Notes on Reading the Paper by Matei Zaharia and So On

This post keeps note for the paper “Resilient Distributed Datasets: A Fault-Tolerant Abstraction for In-Memory Cluster Computing” by Matei Zaharia and so on.

1.

1
Spark exposes RDDs through a language-integrated API where each dataset is represented as an object and transformations are invoked using methods on these objects.

2.

1
Programmers start by defining one or more RDDs through transformations on data in stable storage (e.g., map and filter). They can then use these RDDs in actions, which are operations that return a value to the application or export data to a storage system.
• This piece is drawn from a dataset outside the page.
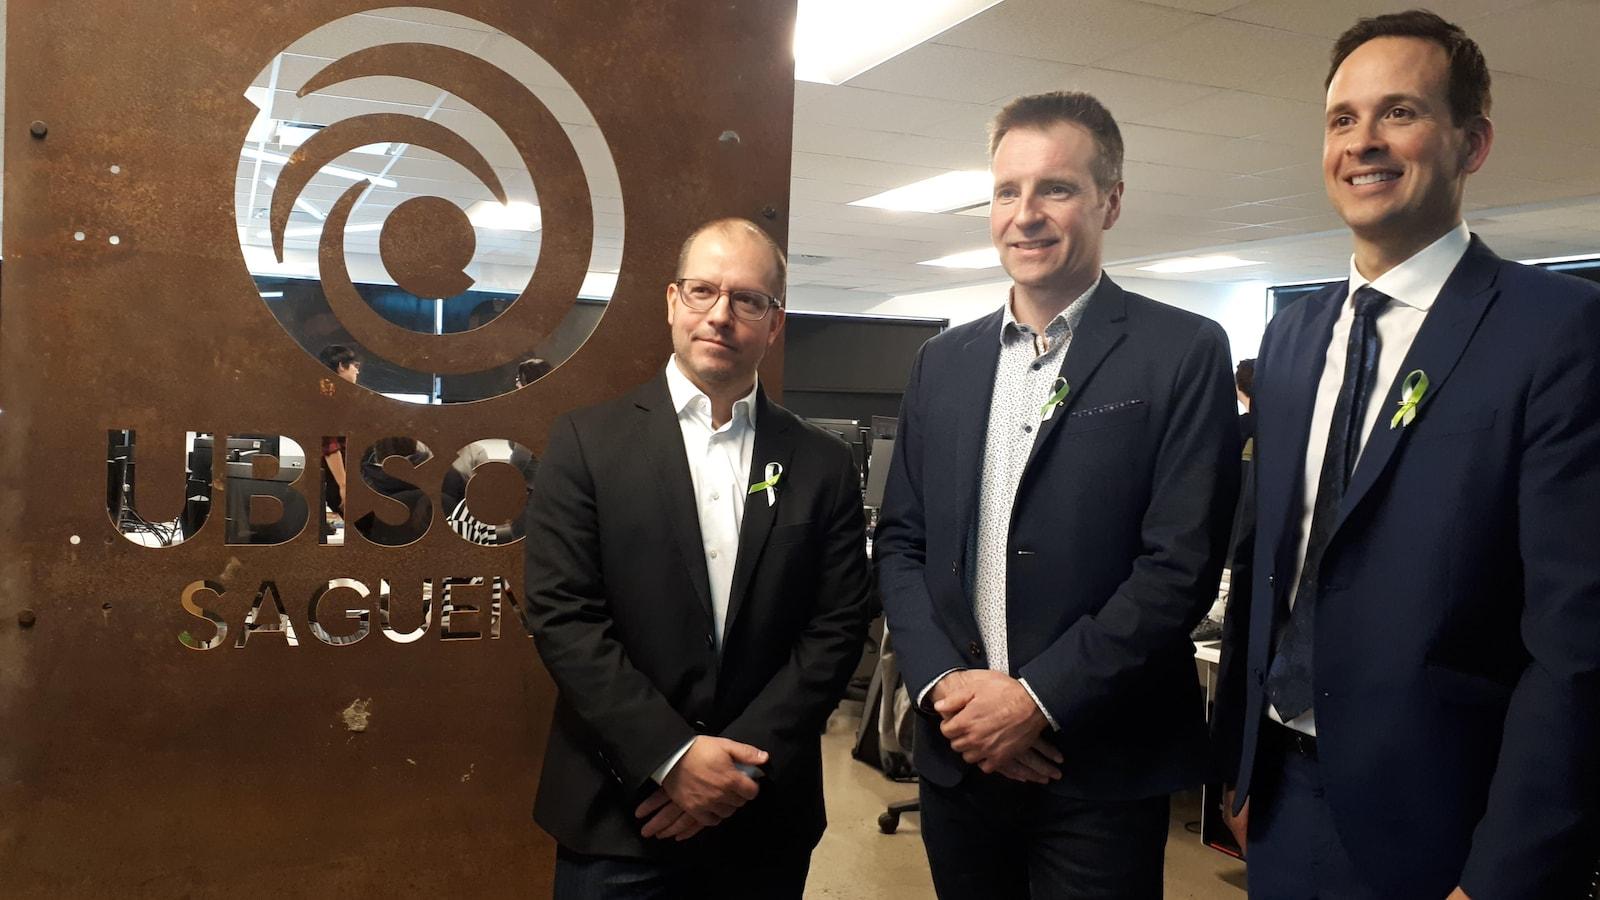 Un Premier Anniversaire Et Des Projets Chez Ubisoft Saguenay Ici
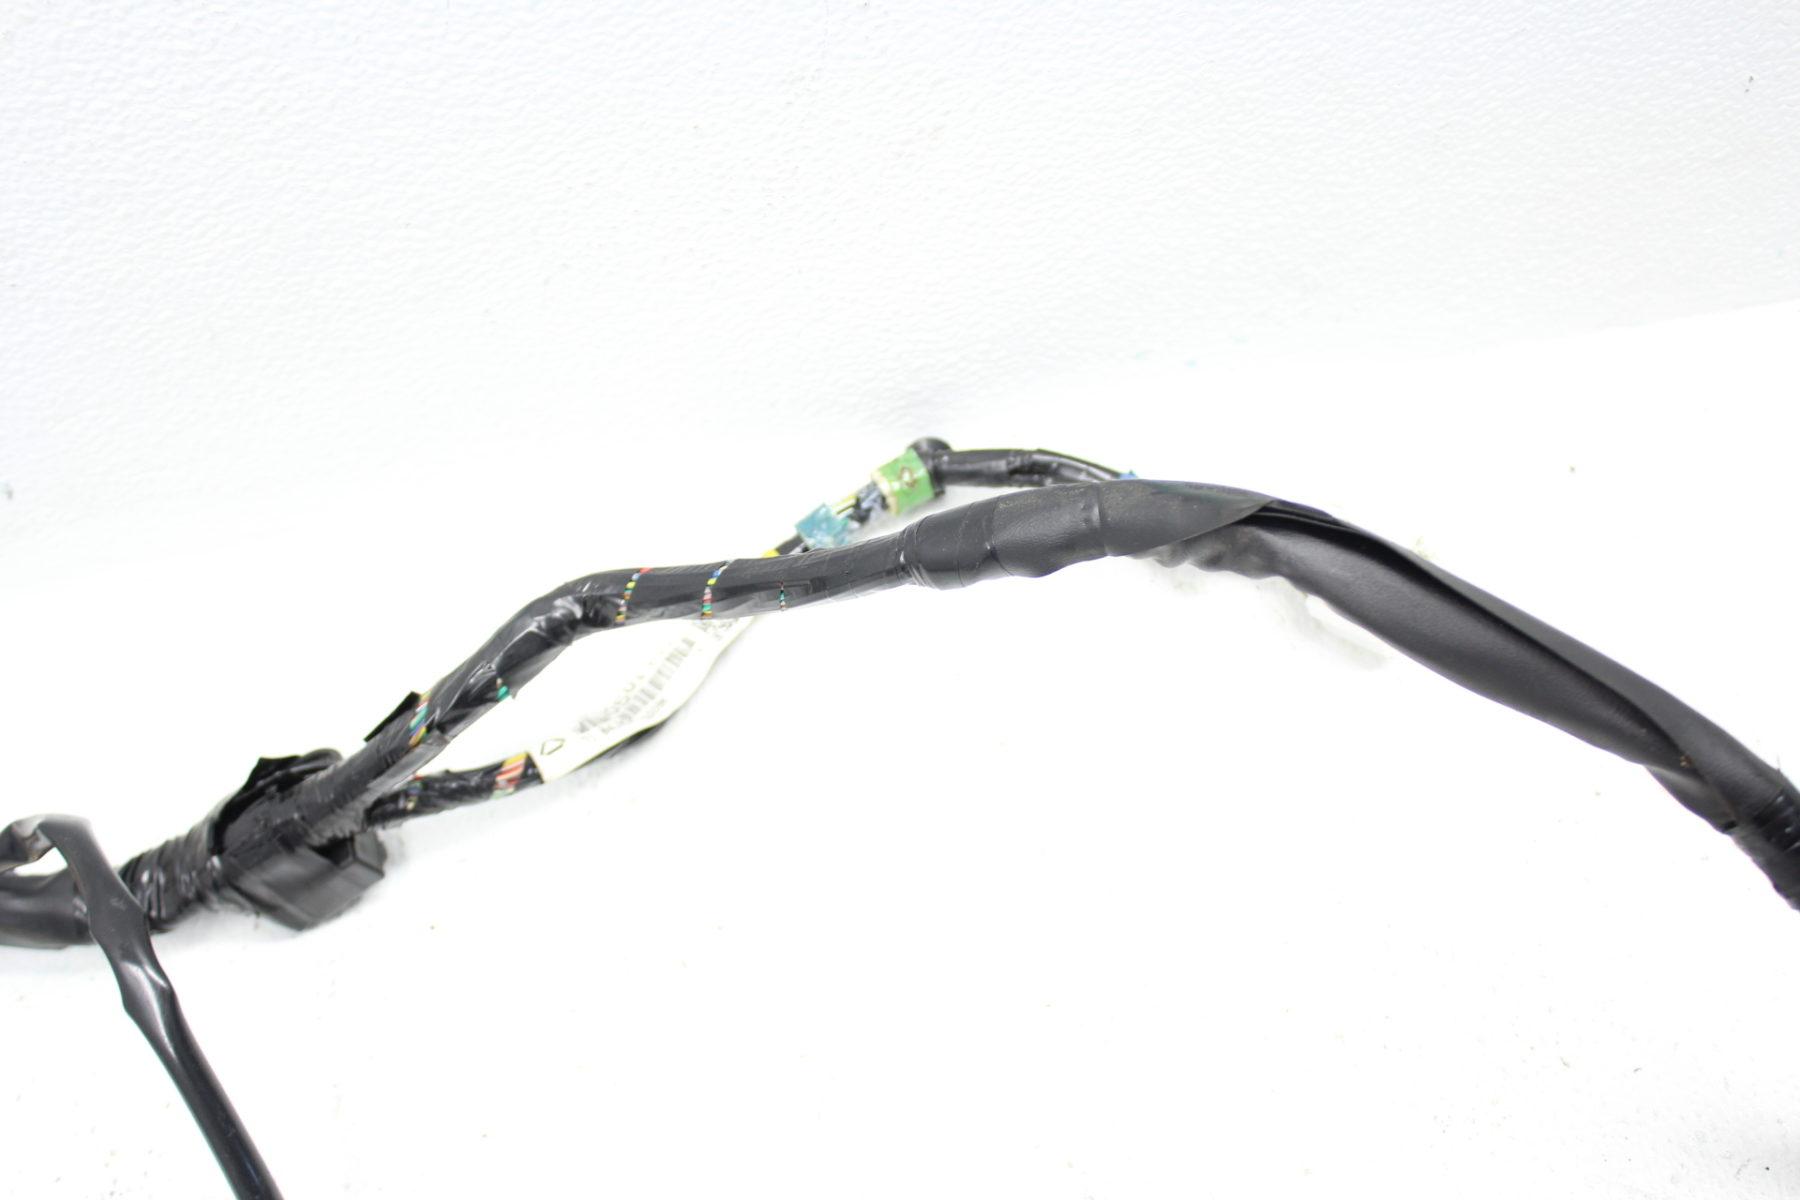 08 Subaru Wrx Dash Instrument Panel Wire Wiring

Examples of actions include count (which returns the number of elements in the dataset), collect (which returns the elements themselves), and save (which outputs the dataset to a storage system)

3.

1
Spark computes RDDs lazily the first time they are used in an action, so that it can pipeline transformations

4.

1
In addition, programmers can call a persist method to indicate which RDDs they want to reuse in future operations. Spark keeps persistent RDDs in memory by default, but it can spill them to disk if there is not enough RAM.

5.

1
RDDs themselves are statically typed objects parametrized by an element type. For example, RDD[Int] is an RDD of integers.

6.

1
Transformations are lazy operations that define a new RDD, while actions launch a computation to return a value to the program or write data to external storage.

7.

1
map is a one-to-one mapping, while flatMap maps each input value to one or more outputs (similar to the map in MapReduce).

8.

1
Operations such as groupByKey, reduceByKey and sort automatically result in a hash or range partitioned RDD

9.

1
We found it both sufficient and useful to classify dependencies into two types: narrow dependencies, where each partition of the parent RDD is used by at most one partition of the child RDD, wide dependencies, where multiple child partitions may depend on it. For example, map leads to a narrow dependency, while join leads to to wide dependencies (unless the parents are hash-partitioned).